Friday 8th April 2022, 5-7pm.

“Asked about his studio practice, Giacometti responded ‘two feet walking’
That’s what I see in the sketch.”

Linda Karshan
Linda Karshan & Ishmael Annobil, Final Recce for “Murray Edwards: Two Feet Walking“, 17 March 2022 © Ishmael Annobil

The WALKED DRAWINGS represent the quintessence of Linda Karshan’s practice. They appeared in 2018 as a necessity.

Her collaborator, poet and cinematographer Ishmael Annobil, explains: In this revolutionary genre of WALKED DRAWINGS, Karshan’s feet become her drawing points, approaching historical spaces in the same way she approaches the paper medium. She partners with each space to create lines and movements that embody its internal rhythm and form. Following the patterns of her breathing and her intuitive “inner choreography”, Karshan walks in precise patterns of straight lines reminiscent of her drawings on paper, sometimes stopping to embellish a particular point with a few dance steps. As she moves, Karshan’s steps resonate in the space in a play of echoes and rhythms to create auditory portraits. 

The WALKED DRAWINGS are personified drawings, filled with bodily presence, expression. They transcend the conventional drawing by embodying the drama of their execution. Process as art. Self-interrogation as art. Thus, each drawing offers two images: the one that the viewer discerns with his eyes and ears, and a self-portrait of the artist in flight.

Linda Karshan & Ishmael Annobil, Final Recce for “Murray Edwards: Two Feet Walking“, 17 March 2022 © Ishmael Annobil

PART II

Lasting between fifteen and twenty minutes, the walked drawing at Murray Edwards College will be Karshan’s longest to date. Directed by filmmaker and collaborator, Ishmael Annobil, it will also be the most technically complex – Karshan will wear a microphone, and cameras positioned throughout the library will capture the precision of the corners she makes as she turns. “The corners are crucial; they must be precise. At Skidmore College, I was admonished to ‘cross those corners!’ It’s a Bauhaus thing. Whether I cross them or not, the decision is deliberate and clear.” In her Dulwich studio the same impulse dictates 90° anticlockwise rotations of her paper after each drawn line.

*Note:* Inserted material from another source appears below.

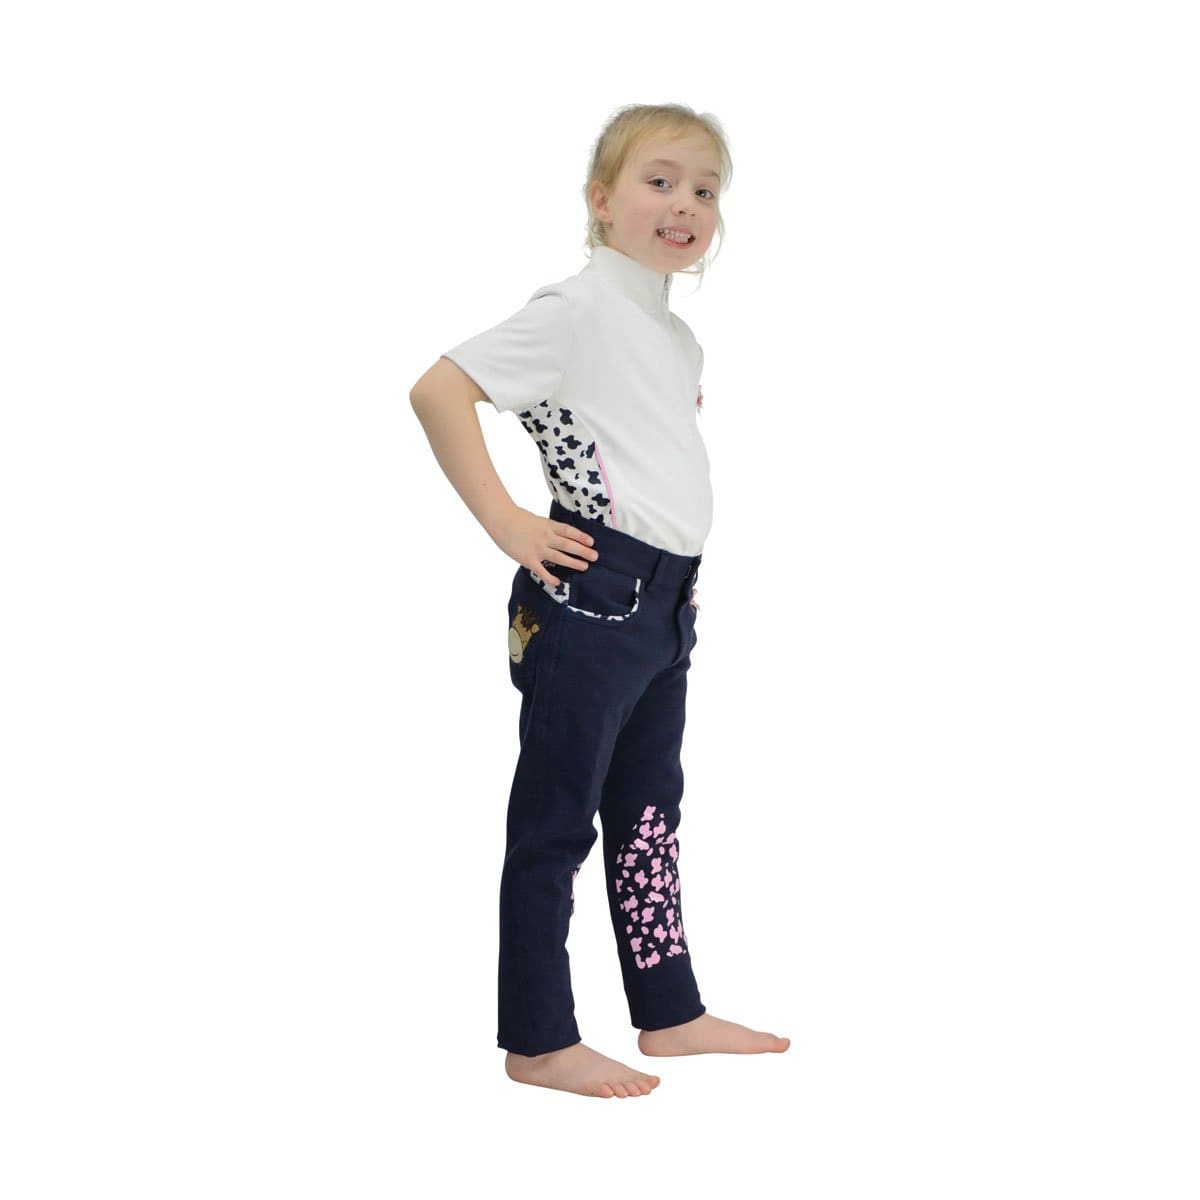 Chemise de spectacle Little Rider Molly Moo

Moving along corridors, up and down spiral staircases and into the circular Fountain Court, Karshan will adapt her rhythm and movements to accommodate the architecture’s curves. Sometimes she will walk with arms outstretched for balance making a horizontal line that, like the bend of her waist and the strong vertical of her spine, is reflected in the lines of the grid motif that characterises her works on paper. Like the design of the Murray Edwards College buildings, some of Karshan’s works include circles. In others, sections of perpendicular lines are joined to form a series of ‘marching triangles’ or ‘dashing corners’. Circles and triangles are closely associated in Karshan’s work. Her ‘turn and turn about’ movement through 90° can be drawn as both a straight line and an arc.

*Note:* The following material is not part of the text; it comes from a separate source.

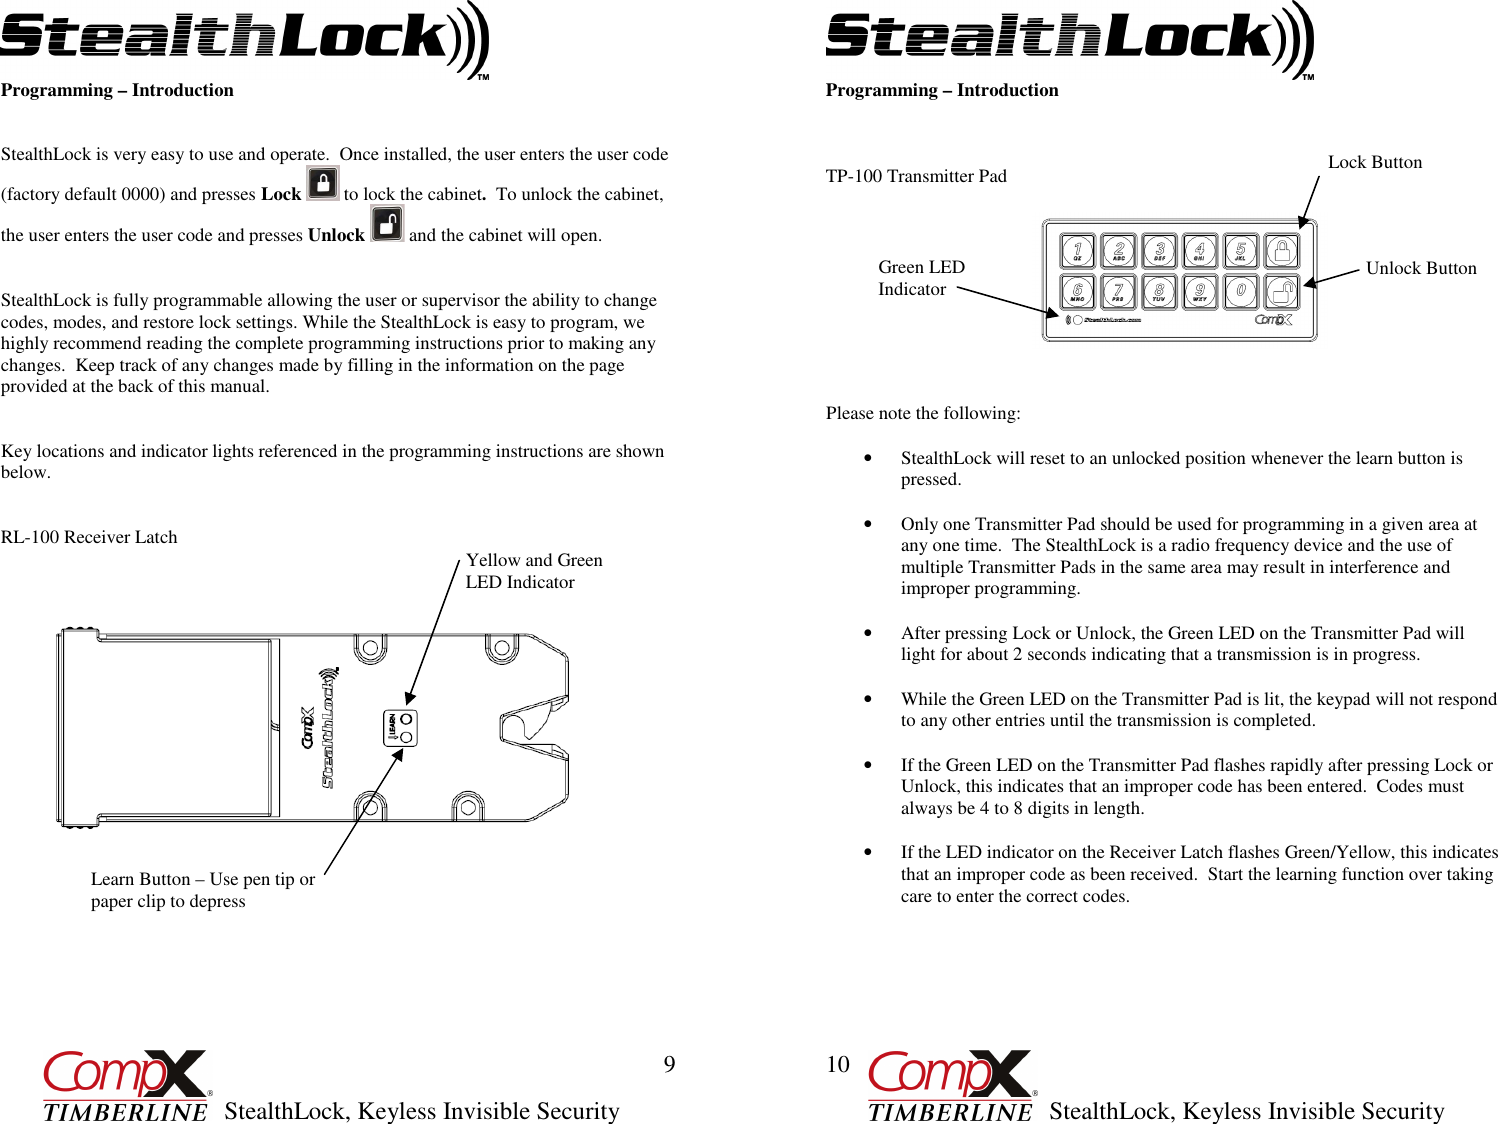         StealthLock, Keyless Invisible Security  9 Programming – Introduction   StealthLock is very easy to use and operate.  Once installed, the user enters the user code (factory default 0000) and presses Lock   to lock the cabinet.  To unlock the cabinet, the user enters the user code and presses Unlock   and the cabinet will open.   StealthLock is fully programmable allowing the user or supervisor the ability to change codes, modes, and restore lock settings. While the StealthLock is easy to program, we highly recommend reading the complete programming instructions prior to making any changes.  Keep track of any changes made by filling in the information on the page provided at the back of this manual.   Key locations and indicator lights referenced in the programming instructions are shown below.    RL-100 Receiver Latch                           Yellow and Green LED Indicator Learn Button – Use pen tip or paper clip to depress         StealthLock, Keyless Invisible Security  10 Programming – Introduction    TP-100 Transmitter Pad                                                                                                                                                                                                                                                                                                  Please note the following:  • StealthLock will reset to an unlocked position whenever the learn button is pressed.  • Only one Transmitter Pad should be used for programming in a given area at any one time.  The StealthLock is a radio frequency device and the use of multiple Transmitter Pads in the same area may result in interference and improper programming.  • After pressing Lock or Unlock, the Green LED on the Transmitter Pad will light for about 2 seconds indicating that a transmission is in progress.  • While the Green LED on the Transmitter Pad is lit, the keypad will not respond to any other entries until the transmission is completed.  • If the Green LED on the Transmitter Pad flashes rapidly after pressing Lock or Unlock, this indicates that an improper code has been entered.  Codes must always be 4 to 8 digits in length.  • If the LED indicator on the Receiver Latch flashes Green/Yellow, this indicates that an improper code as been received.  Start the learning function over taking care to enter the correct codes. Unlock Button Green LED Indicator Lock Button

Linda Karshan & Ishmael Annobil, Final Recce for “Murray Edwards: Two Feet Walking”, 17 March 2022 © Ishmael Annobil

After completing the Library section of the walk Karshan will pause briefly to exchange soft-soled brogues for tap shoes that will amplify her footfall, giving the work additional texture as her route continues along different floor surfaces. “As she moves through each space, Karshan’s footsteps resound off the walls and floors in an interplay of echoes and rhythms to create auditory portraits,” says Ishmael Annobil. “The artist herself becomes a living presence giving voice to the place itself.” As with John Cage’s 1952 composition 4’ 33” ambient noise from the audience or elsewhere will form part of the work. Only the fountain, outside in the Court, will be deliberately silenced to avoid drowning out Karshan’s footsteps. Karshan hopes the audience will play an active role by listening as well as watching. “Sound is at the heart of the work,” she says.

Breath is also at its heart – and not only Karshan’s as she creates the work. In preparing for the work she has been particularly aware of the breathing and rhythms of her infant grandson and the sound of her graphite pencil moving across paper reminds her of the noise made by the breathing machine used by her father after he contracted polio in the 1951 pandemic. Covid-19 has brought a poignant new attention to the regularity of breathing and has further strengthened Karshan’s ever-present resolve, ‘I remain upright and alert because I am able. I am two feet walking because I must.’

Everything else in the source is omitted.